Cover glasses that contained glomeruli were placed into a perfusion chamber mounted on an inverted Nikon Ti-S microscope and superfused with a physiologic saline solution (pH 7.4). Single-channel current data were acquired as described previously.[19,20] After a high resistance seal was obtained, cell-attached recording was performed immediately. The membrane resistance was monitored regularly to ensure the quality of recording. For measurements of acute effect only one experiment was performed per dish to avoid any possibility of examining cells whose properties might have been altered by extended exposure to Ang II. The recordings were made in symmetric chloride solutions. The bath solution consisted of 126 NaCl, 1 CaCl2, 10 HEPES, 2 MgCl2, 10 glucose, pH 7.4. The pipette solution contained 126 NaCl, 1.5 CaCl2, 10 HEPES, 10 glucose; pH7.4; plus added directly before the patch-clamp experiments were 100 µM niflumic acid or DIDS (to block Ca2+-activated Cl− channels), 10 mM TEA (to inhibit large-conductance Ca2+-dependent K+ channel), 10 nM iberiotoxin (to block Ca2+-activated K+ channels), 10 µM nicardipine (to block N-type Ca2+ channels). During the patch-clamp measurements in the single-channel mode the activity of the ion channels was first monitored in response to the potential applied in steps of 10 or 20 mV in the range of – 90 mV to + 60 mV in order to estimate the channel’s conductance and I-V relationship. After that, the voltage was clamped at – 60 mV and the channels’ activity was recorded for several minutes before the drugs were applied.

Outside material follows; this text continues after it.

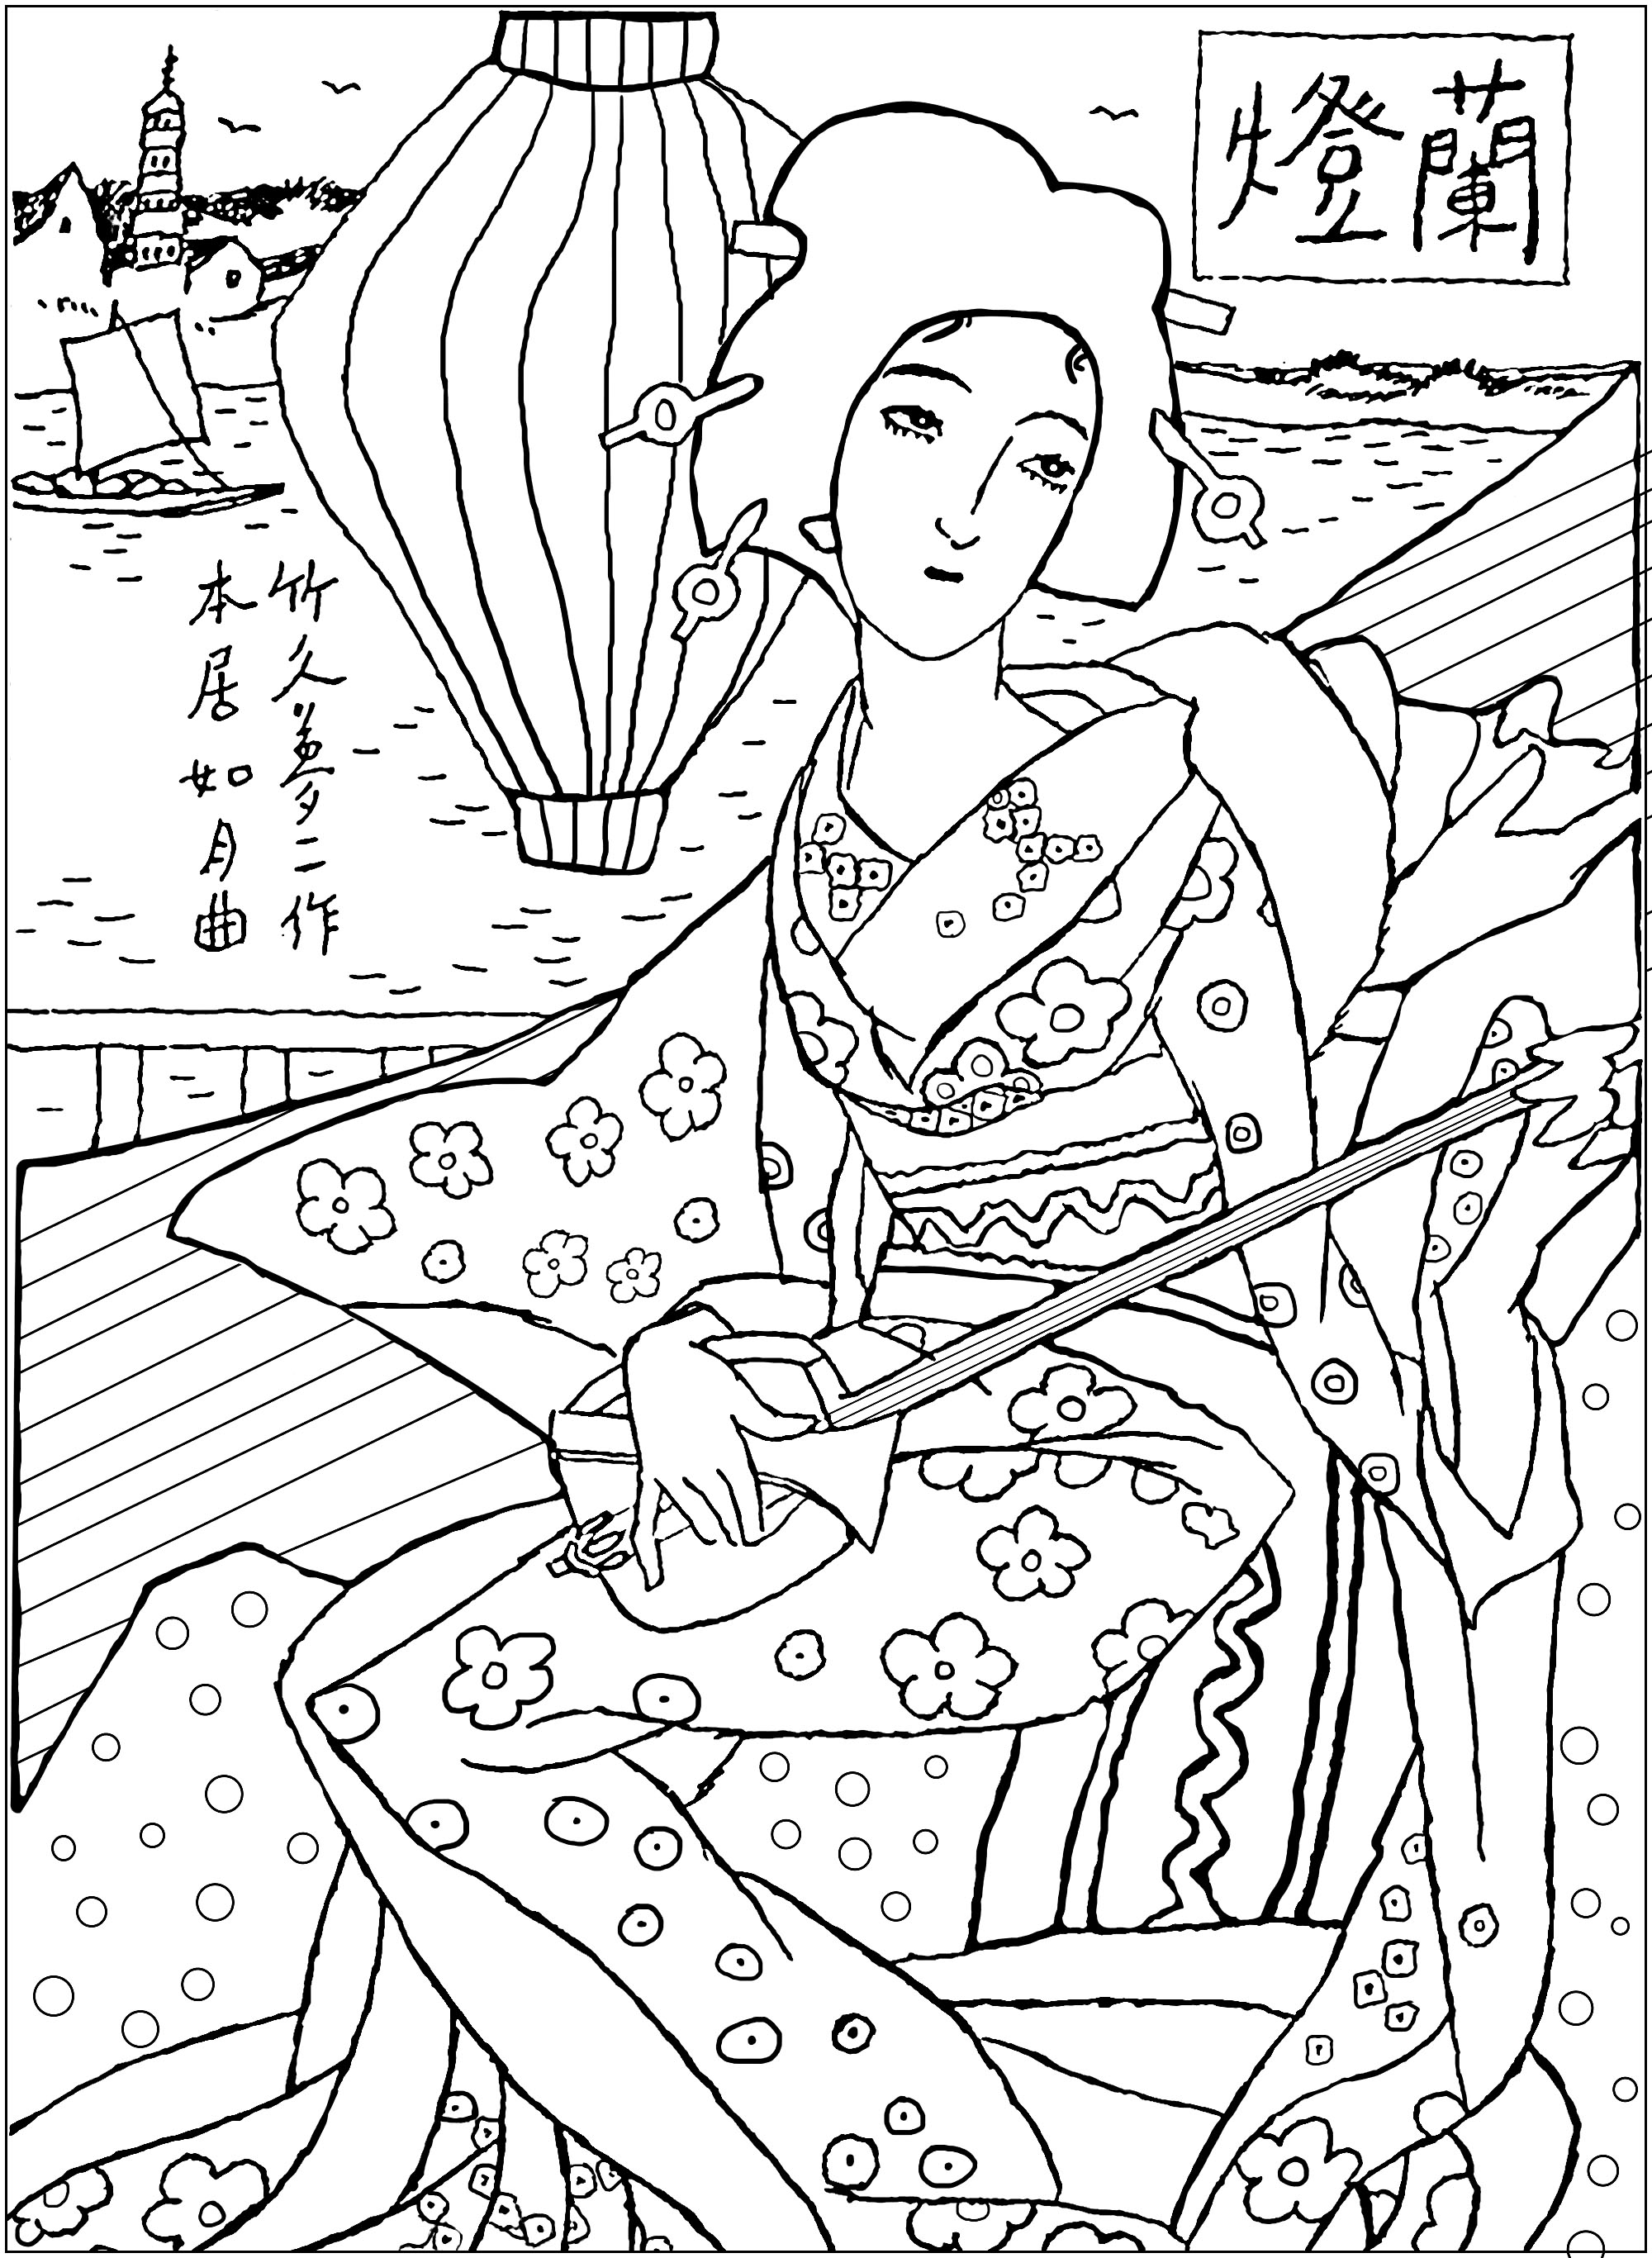 Dibujo exclusivo inspirado en un cuadro con una Geisha japonesa

Glomerulus contraction measurements

For the volume response measurements freshly isolated mouse glomeruli were affixed to glass coverslips coated with poly-L-lysine. The glomerular responses were recorded using confocal microscopy (Nikon A1-R). Glomerular volume (V) was calculated at the maximum points before and after addition of the drugs from the surface area (S) of the glomerulus using the formula V = 3/4π(S/π)3/4 using the ImageJ software as previously described.[39] ΔV was calculated as (Vfinal−Vinitial)/Vinitial. At least ten glomeruli from three or more mice were studied under each condition. Control glomeruli were treated with equivalent volumes of buffer and no changes in the glomeruli volume was detected.

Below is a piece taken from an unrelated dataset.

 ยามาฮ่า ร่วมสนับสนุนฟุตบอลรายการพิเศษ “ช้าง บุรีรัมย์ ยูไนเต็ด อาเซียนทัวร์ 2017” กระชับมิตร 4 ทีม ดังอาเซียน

cDNA constructs and cell culture

The wild type Chinese hamster ovary (CHO) cells were obtained from the American Tissue and Culture Collection and cultured in DMEM medium containing 10% FBS, 2 mM glutamine, and 80 µg/ml gentamicin. The plasmid encoding the wild type TRPC6 channel gene was previously described.[40] Plasmid encoding AT1 receptor was obtained at Missouri S&T cDNA Resource Center (AGTR10TN01). Cell transfection with 1 µg of each plasmid encoding TRPC6 and AT1 receptor and 0.5 µg of green fluorescent protein was performed 24–48 hrs before the experiments.

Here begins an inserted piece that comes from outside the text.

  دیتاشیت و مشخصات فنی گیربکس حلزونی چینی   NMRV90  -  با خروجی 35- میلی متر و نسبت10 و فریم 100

Confocal laser-scanning fluorescence microscopy

Calcium imaging was performed with laser scanning confocal microscope system Nikon A1-R. Images were collected in time series (xyt, 4s per frame) with the Nikon imaging software. Changes in intracellular Ca2+ concentration were estimated according to a protocol described previously[21] from ratiometric fluorescence images of Fluo-4 and Fura Red loaded glomeruli. Emitted light was collected by the objective lens Plan Apo ×60 oil DIC2. The glomeruli suspension was loaded with the dyes by adding Fluo-4 AM and Fura Red AM (5 µM of each; Invitrogen). Glomeruli were mounted on the poly-D-lysine covered glass in a registration chamber and washed for ~ 10 min with bath solution containing (in mM): 145 NaCl, 4.5 KCl, 2 MgCl2, 10 Hepes, pH 7.35. After stabilization of the fluorescence signal podocytes were identified on the basis of anatomic considerations, and fluorescence intensity ratios were recorded. Fluorescent signal was observed only from cells on the surface of glomeruli in area attached to glass. In each experiment, 4 to 7 podocytes of at least one glomerulus were selected; experiments for every compound tested were repeated at least 3 times.

Statistical analysis

Data are presented as mean ± s.e.m. The values of intracellular calcium ion concentration at every moment of time for individual cells were averaged by the number of regions registered in the experiment. Data are compared using the Wilcoxon signed-rank test and P<0.05 is considered significant.